* **WHAT TO DO**: Looking at the listing below, retype exactly the lines starting at the one containing "Men's Athens Penny Loafers - Olive" and ending at the one containing "First Lt. Kayla", both included, and nothing else.

* **SUPPLIED MATERIAL**:
........

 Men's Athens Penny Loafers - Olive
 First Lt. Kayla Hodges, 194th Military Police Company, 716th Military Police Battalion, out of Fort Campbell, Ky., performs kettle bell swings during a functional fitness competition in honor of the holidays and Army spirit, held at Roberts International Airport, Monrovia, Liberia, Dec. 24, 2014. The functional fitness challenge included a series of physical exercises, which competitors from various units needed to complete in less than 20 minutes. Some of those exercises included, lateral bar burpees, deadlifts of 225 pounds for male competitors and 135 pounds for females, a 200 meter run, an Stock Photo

........

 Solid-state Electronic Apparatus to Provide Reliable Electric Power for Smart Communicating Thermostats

........

* **ANSWER**:
 Men's Athens Penny Loafers - Olive
 First Lt. Kayla Hodges, 194th Military Police Company, 716th Military Police Battalion, out of Fort Campbell, Ky., performs kettle bell swings during a functional fitness competition in honor of the holidays and Army spirit, held at Roberts International Airport, Monrovia, Liberia, Dec. 24, 2014. The functional fitness challenge included a series of physical exercises, which competitors from various units needed to complete in less than 20 minutes. Some of those exercises included, lateral bar burpees, deadlifts of 225 pounds for male competitors and 135 pounds for females, a 200 meter run, an Stock Photo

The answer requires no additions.